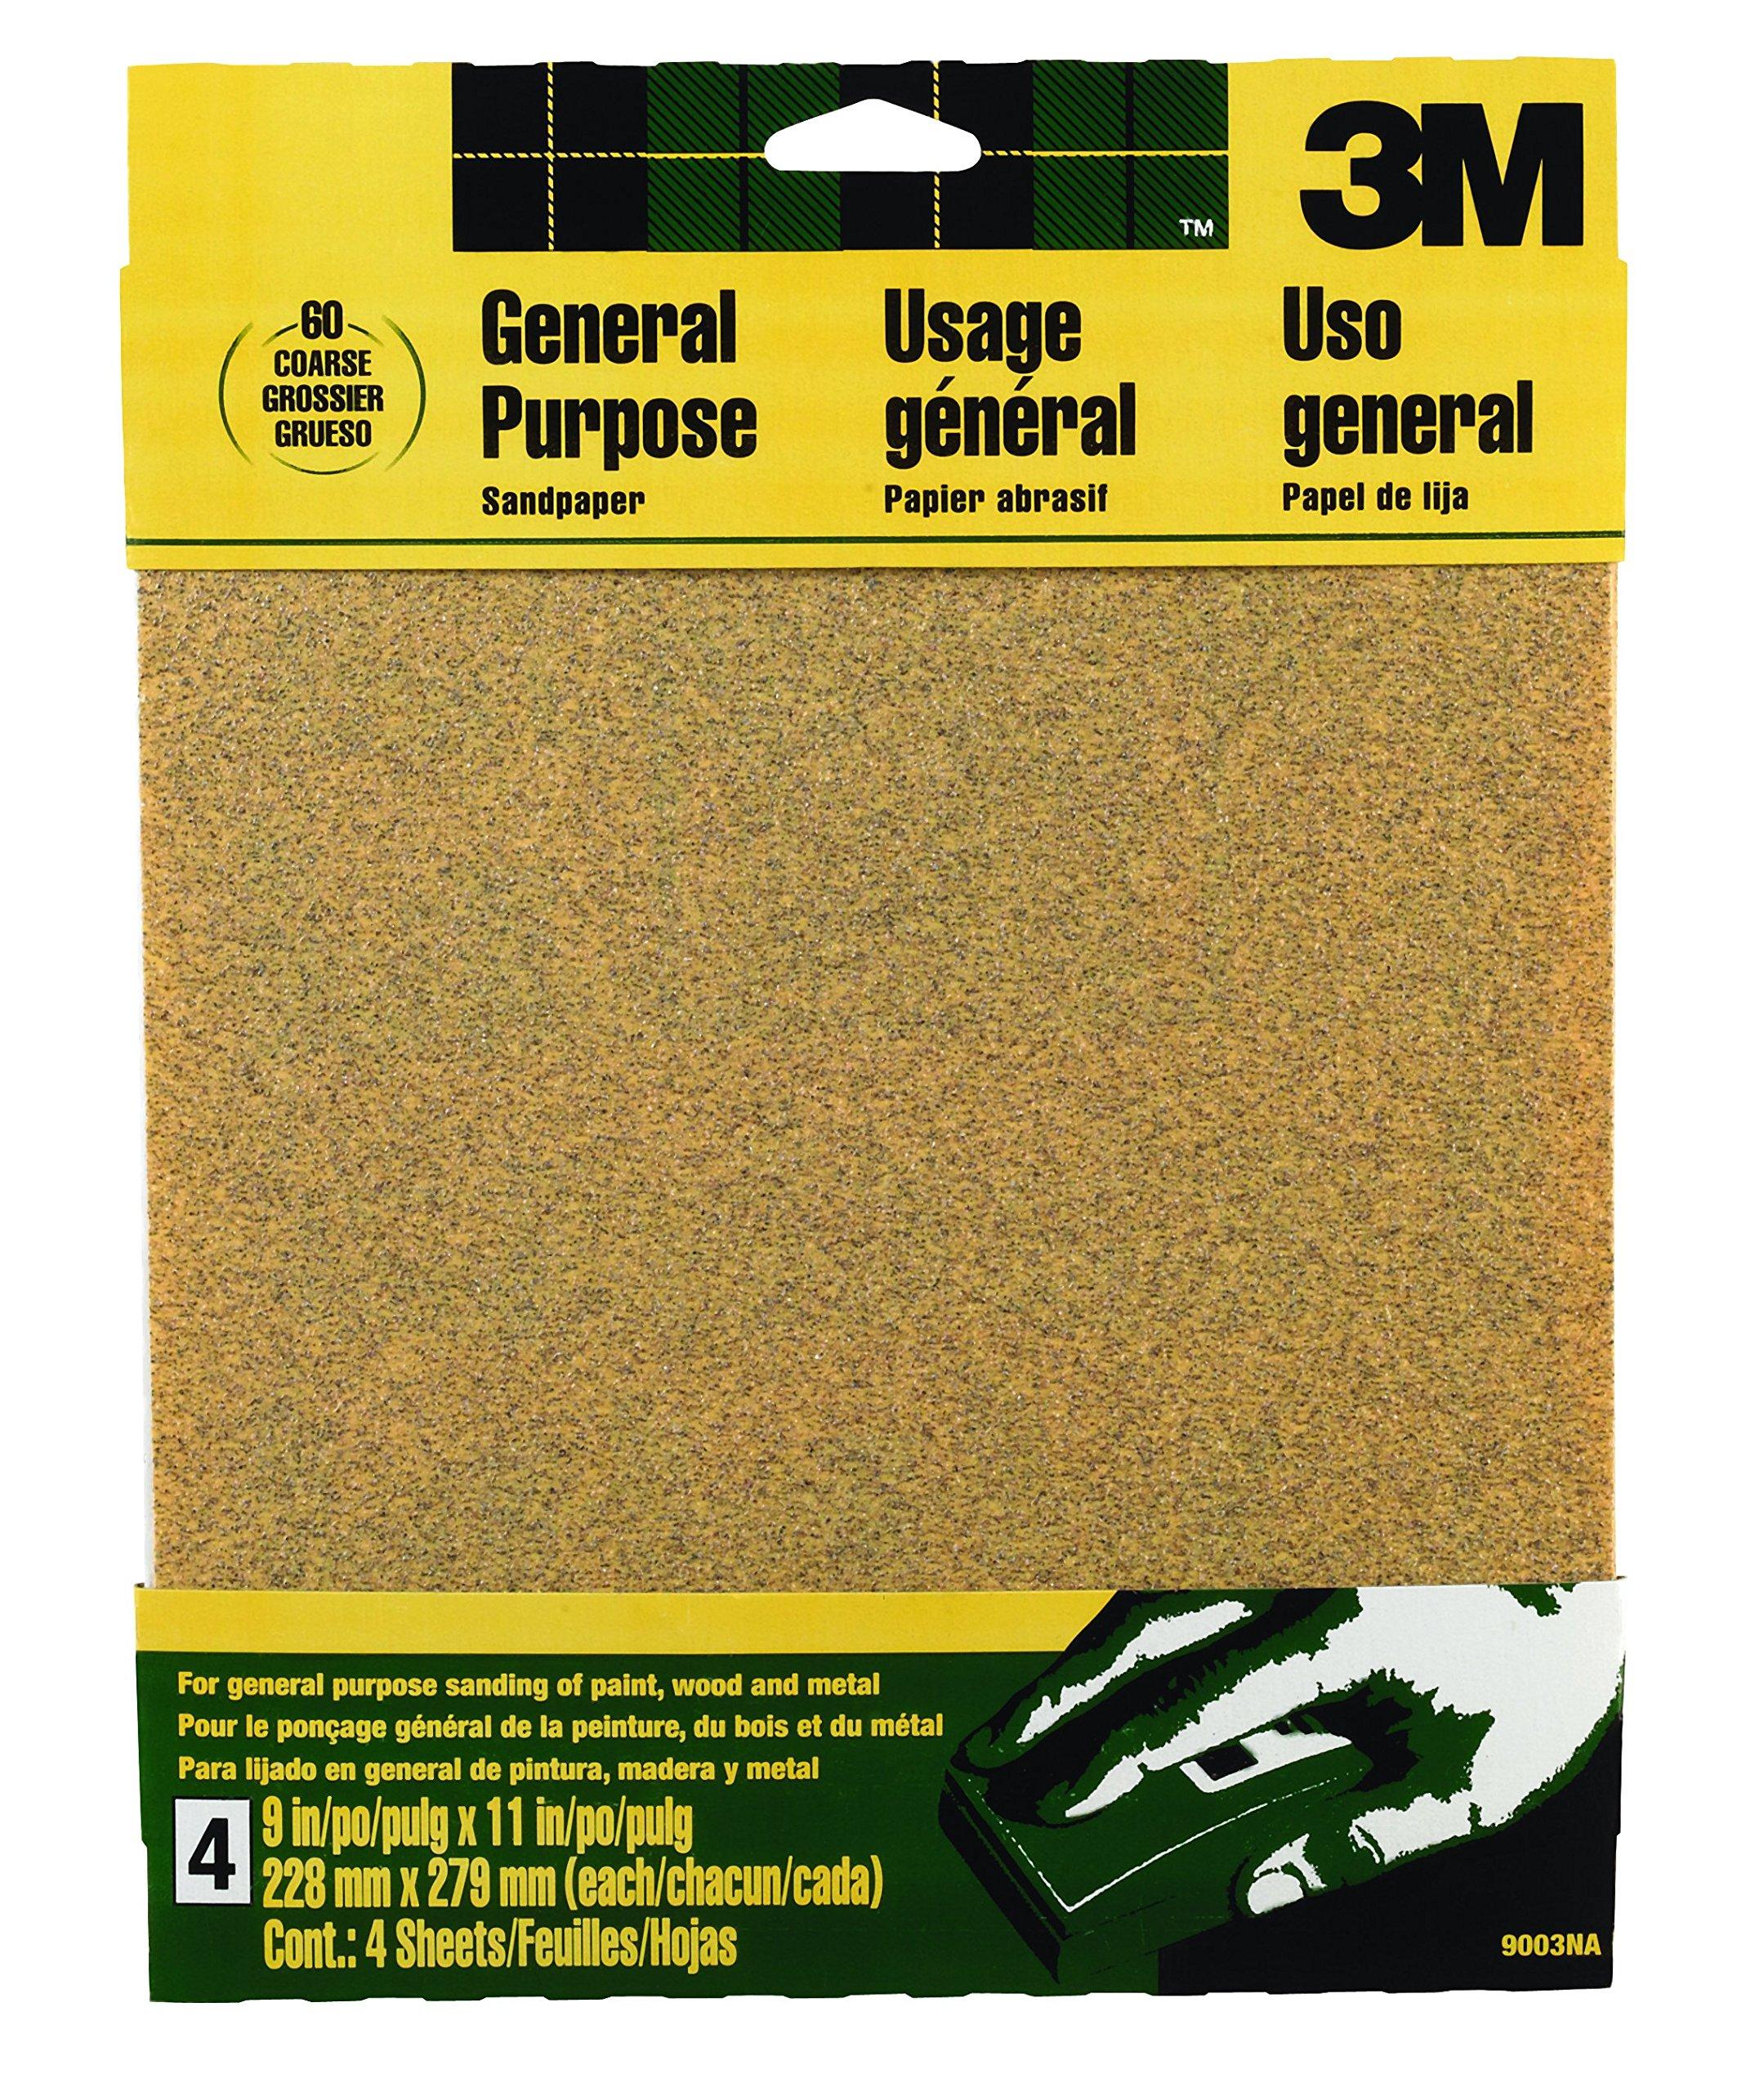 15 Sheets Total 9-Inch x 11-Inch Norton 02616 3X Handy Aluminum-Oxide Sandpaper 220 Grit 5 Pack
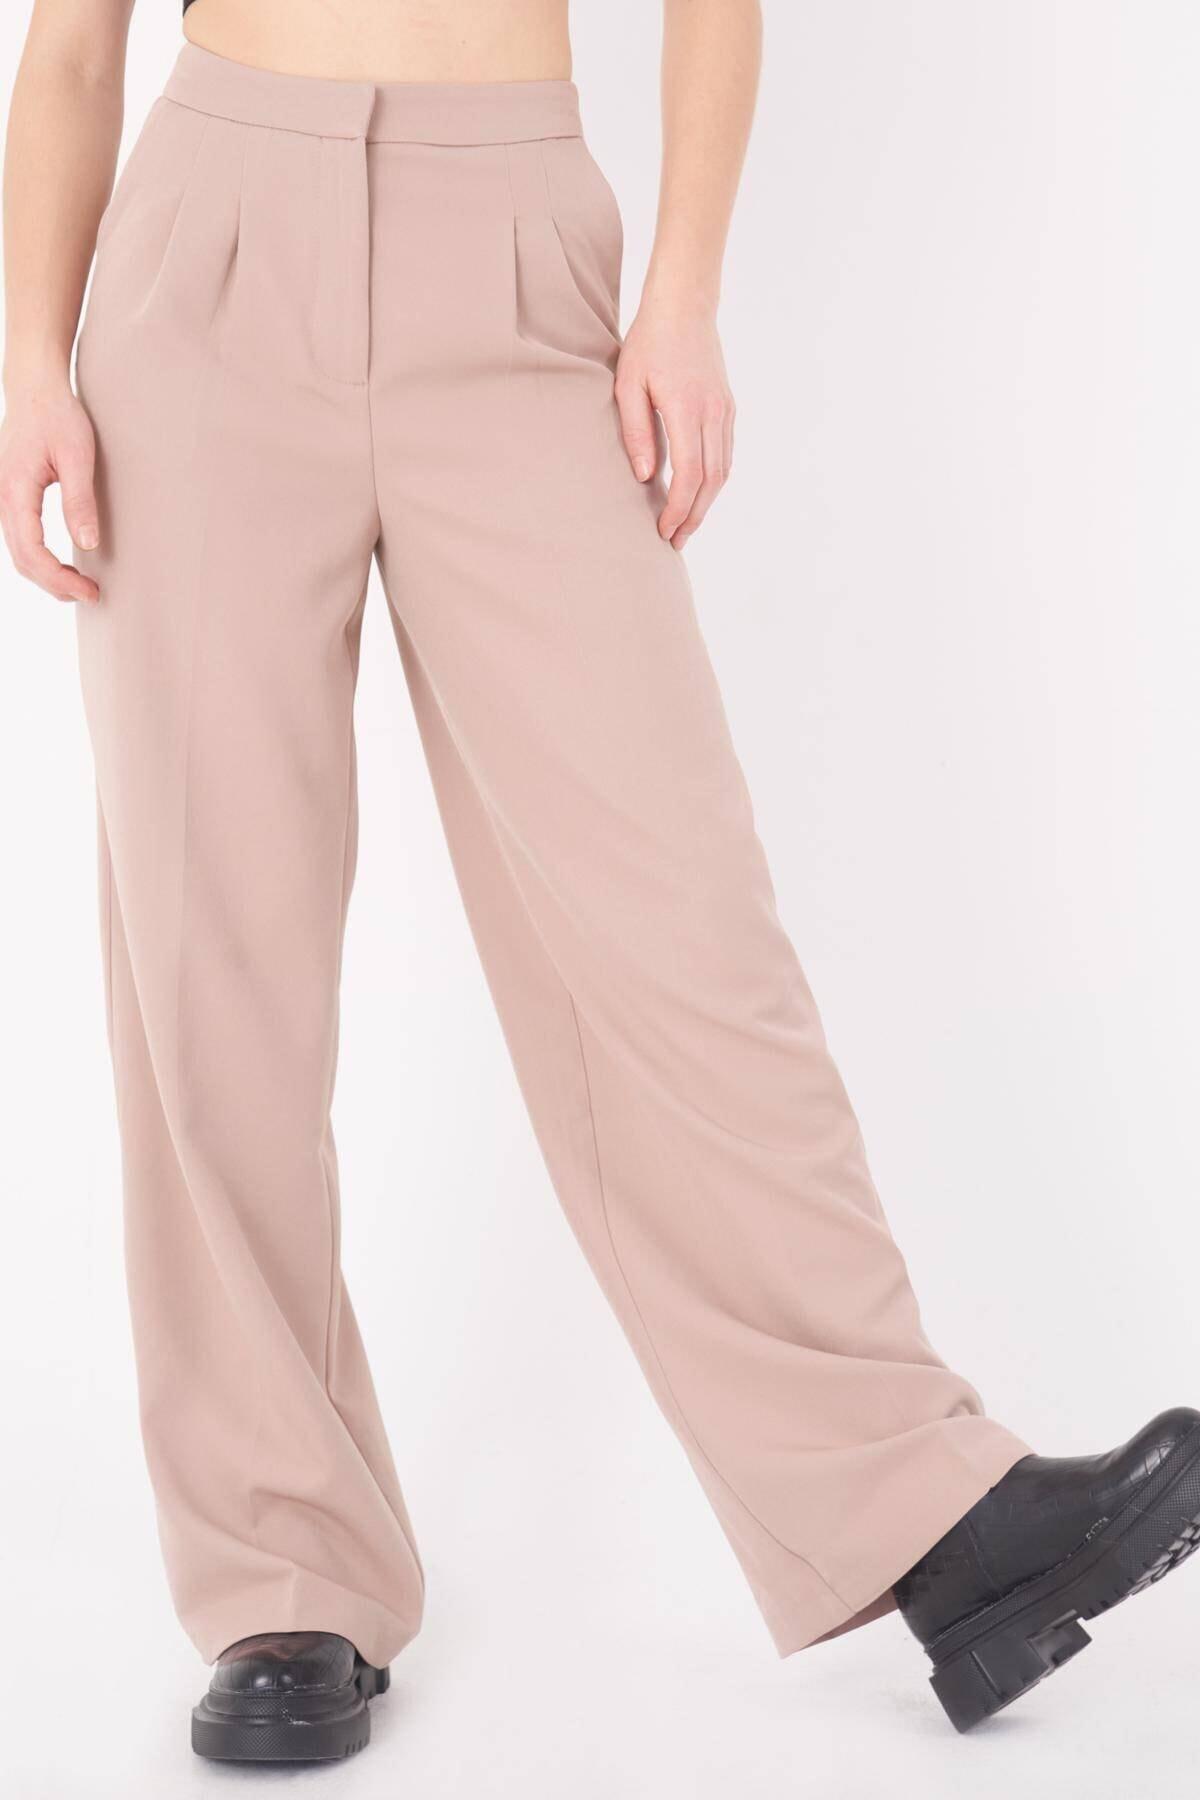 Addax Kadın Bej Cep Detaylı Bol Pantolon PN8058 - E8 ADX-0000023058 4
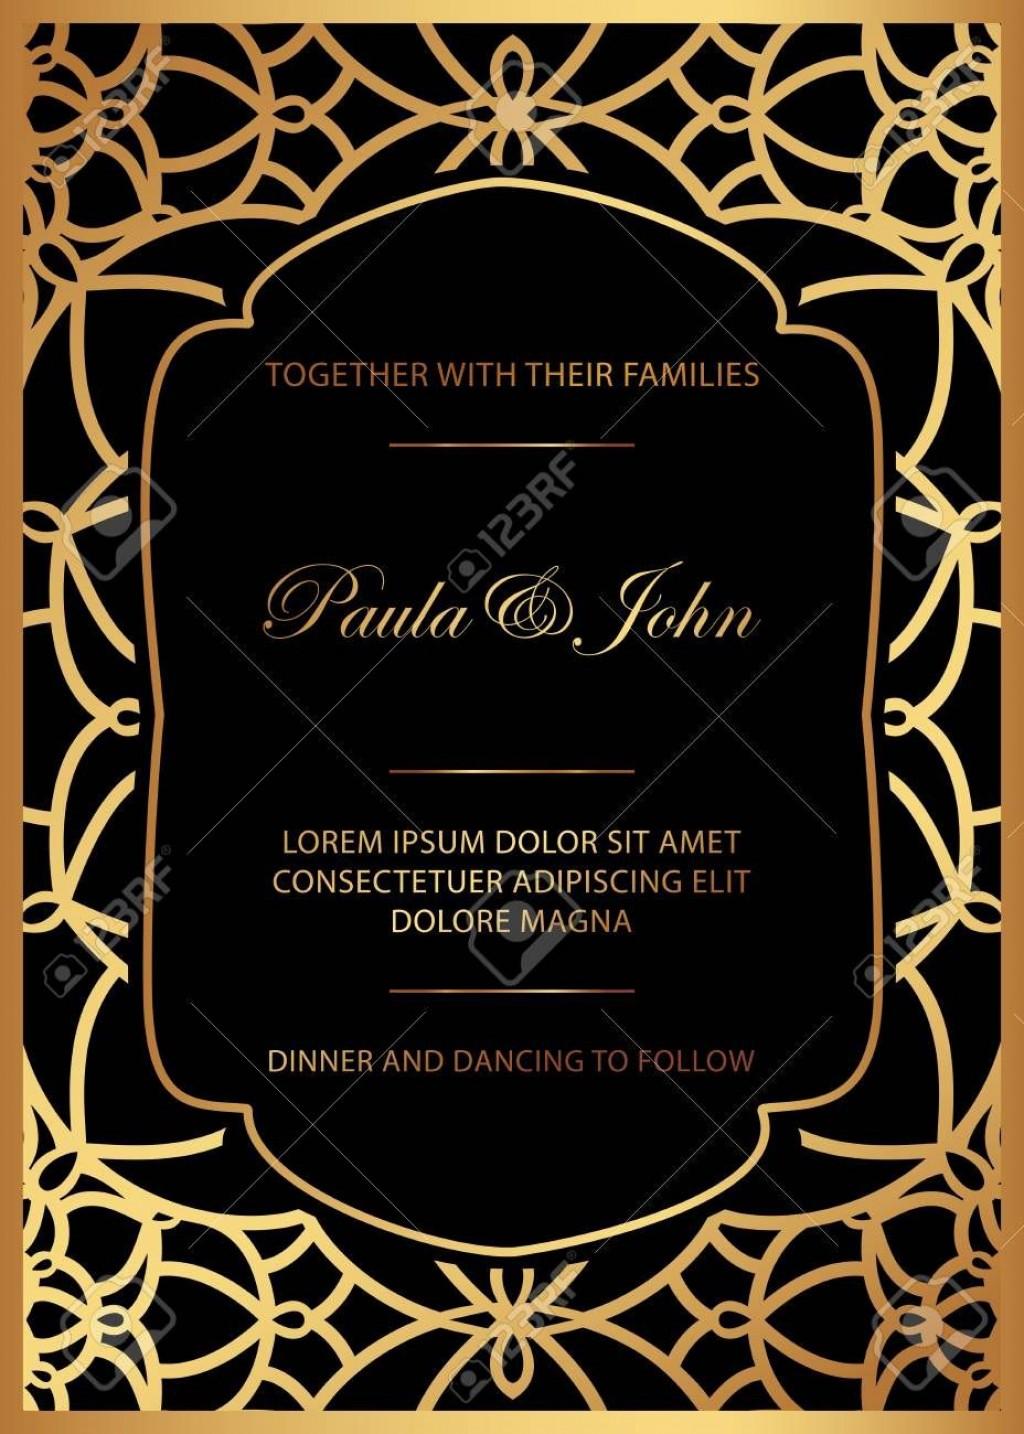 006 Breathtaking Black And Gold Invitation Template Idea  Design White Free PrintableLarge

**TASK TO COMPLETE**
Return every line above exactly, omitting images.

**TASK RESULT**
 15 Sheets Total 9-Inch x 11-Inch Norton 02616 3X Handy Aluminum-Oxide Sandpaper 220 Grit 5 Pack
 Addax Kadın Bej Cep Detaylı Bol Pantolon PN8058 - E8 ADX-0000023058 4
 006 Breathtaking Black And Gold Invitation Template Idea  Design White Free PrintableLarge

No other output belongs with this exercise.